Lowe’s creative lethargy was broken by John Hiatt’s invitation to help him record a 1987 album with guitarist Ry Cooder and drummer Jim Keltner. “Bring the Family,” recorded in just four days, is both Hiatt’s best album and a superb example of ensemble playing. The experience made Lowe a great believer of recording live in the studio, with the instruments playing right alongside the vocals. Lowe says that when the same players were given an unlimited budget to record a 1992 album as Little Village, the magic disappeared under big-time expectations and unruly egos.
The ’90s Lowe has adjusted his expectations — “Anybody my age who worries about appealing to kids is not only out of their mind, but in for a brutal disappointment,” he says — even though he recently reaped an unexpected windfall for a song he wrote while a member of Brinsley Schwarz, “(What’s So Funny ‘Bout) Peace, Love and Understanding.” He’d already earned some royalties when the tune was recorded by Elvis Costello for 1979′s “Armed Forces,” and it had even been included in a number of movies. But all that was chump change compared to the $1-million-plus he earned when Curtis Stigers sang it on the multiplatinum soundtrack to “The Bodyguard.”
“The number of contemporary artists who appeal to me is infinitesimal, and I’m playing to the sort of people who like those same records,” Lowe admits. Which is to say, he’s playing to a pretty small pool. And most of them work in the music business and get their records for free.

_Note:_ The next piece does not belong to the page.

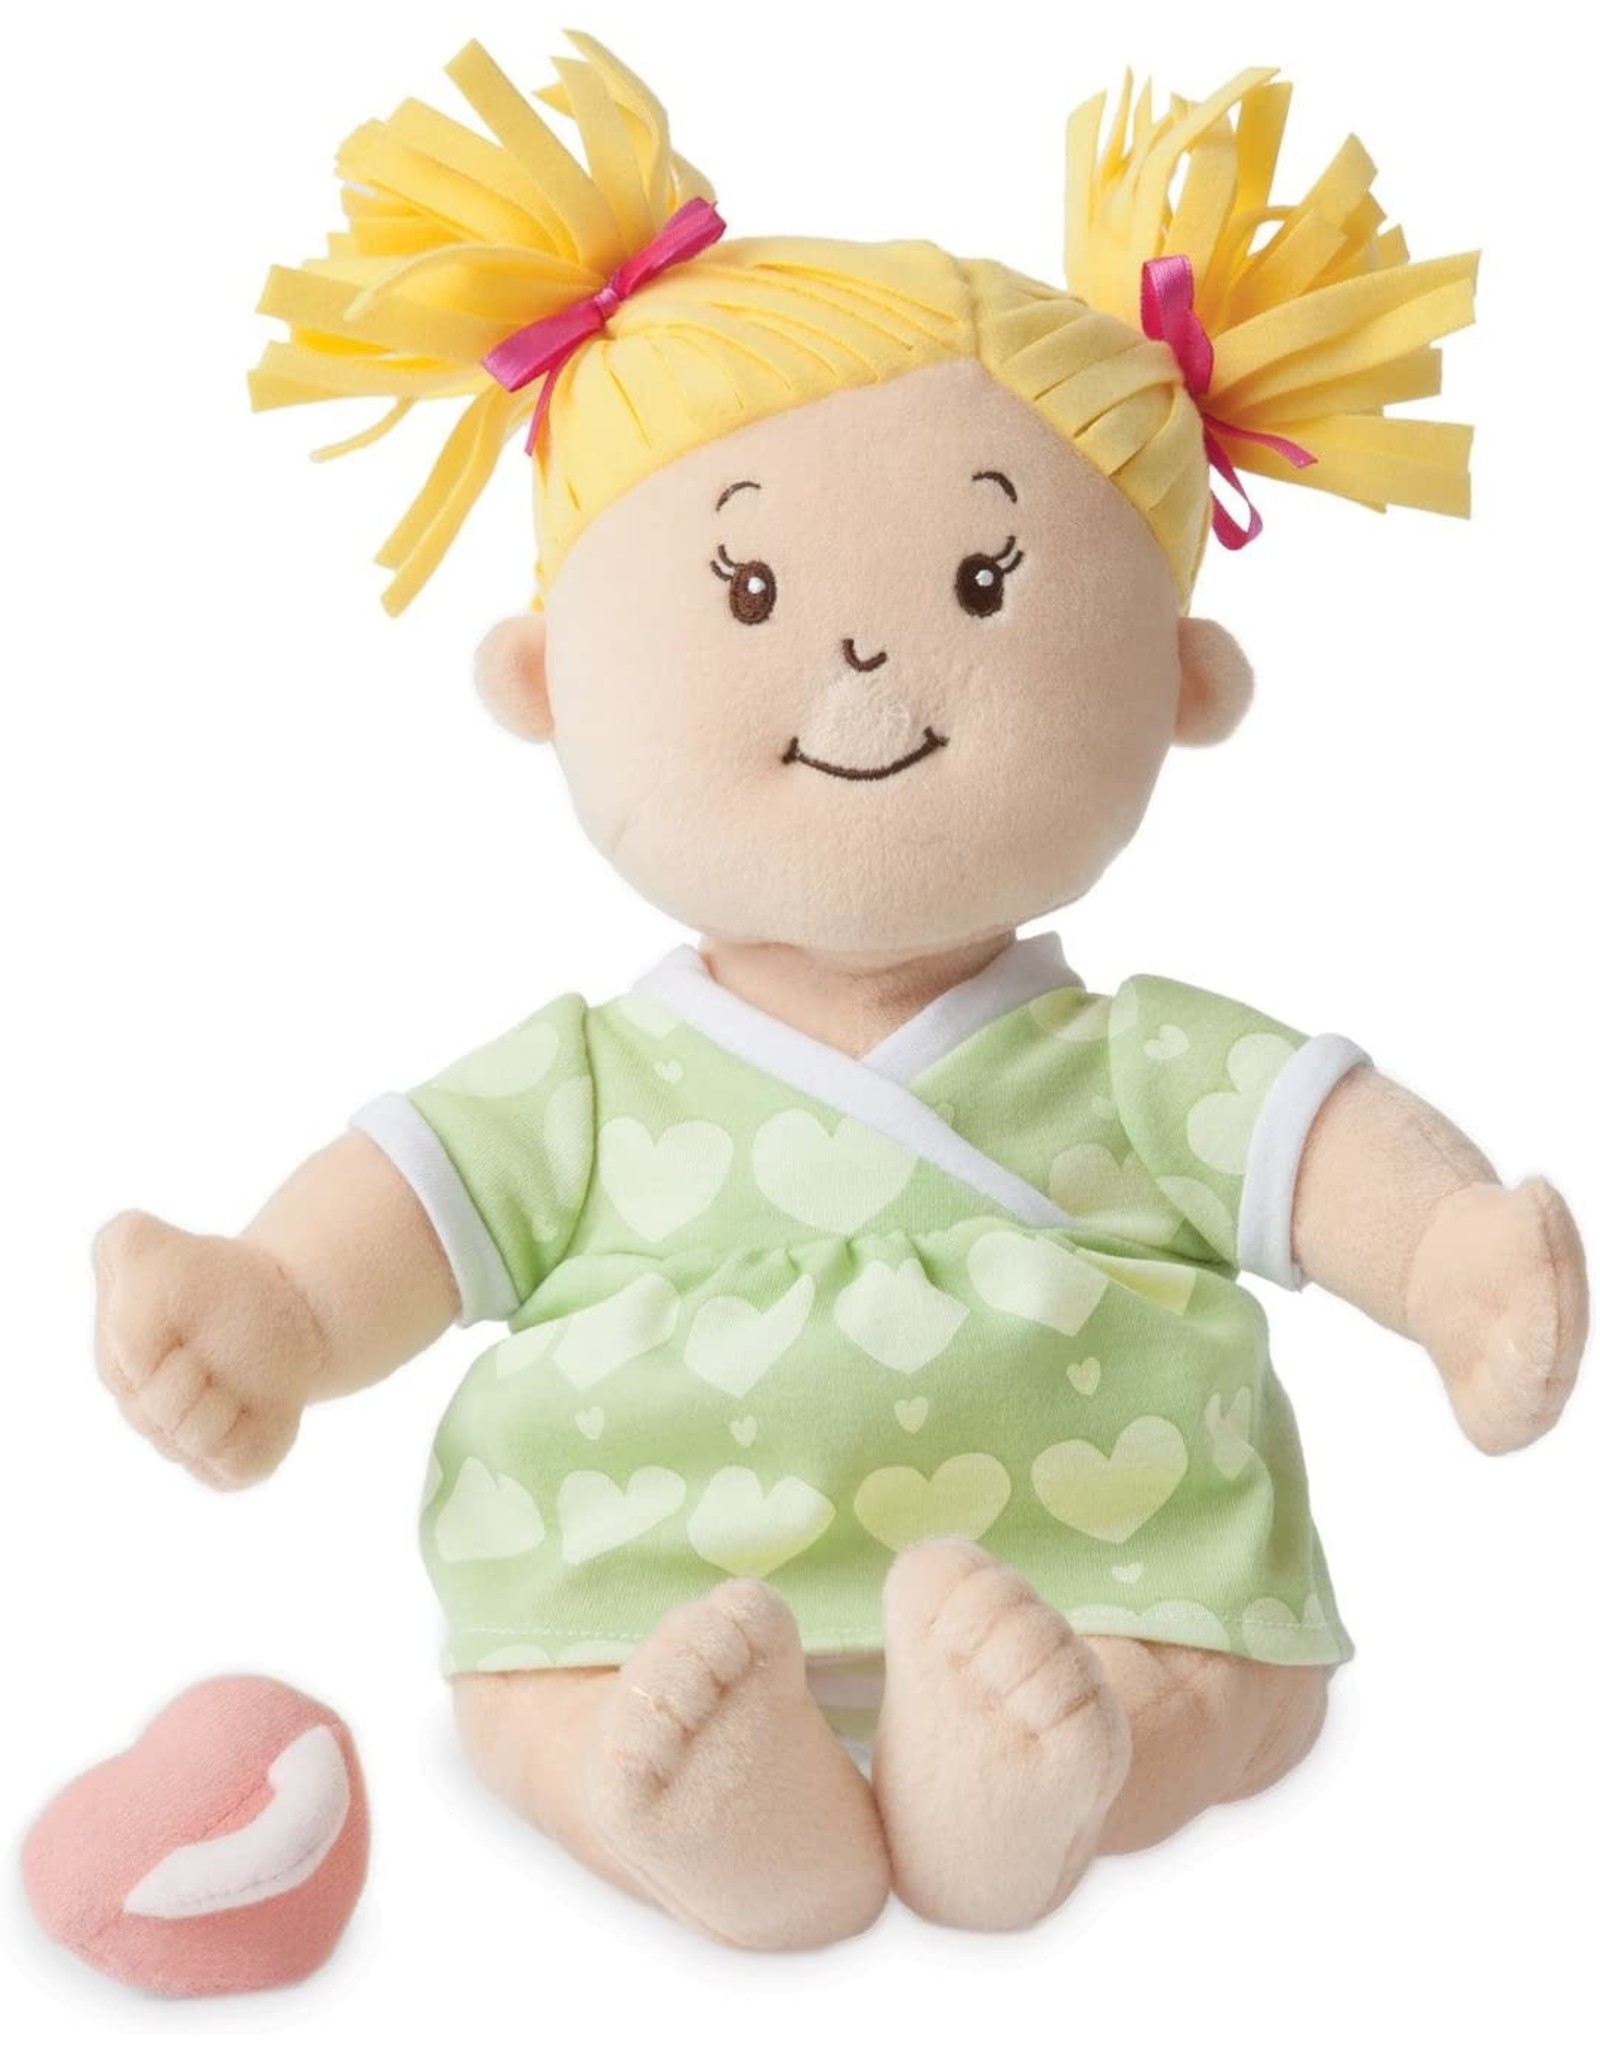 Baby Stella Baby Stella Peach Doll - Blonde Hair

Maybe that’s why Lowe has come to look upon his records as demo tapes designed to lure superstar voices to his songs. (Both Rod Stewart and Diana Ross have covered tunes off his recent albums.) But that shortchanges the soulfully undercooked manner in which Lowe has rendered his most recent songs. There’s a melancholy intimacy to “Dig My Mood” that goes far beyond the clever schtick of Lowe’s earlier music. Pop artists typically peak early, but Lowe’s just now hitting his groove.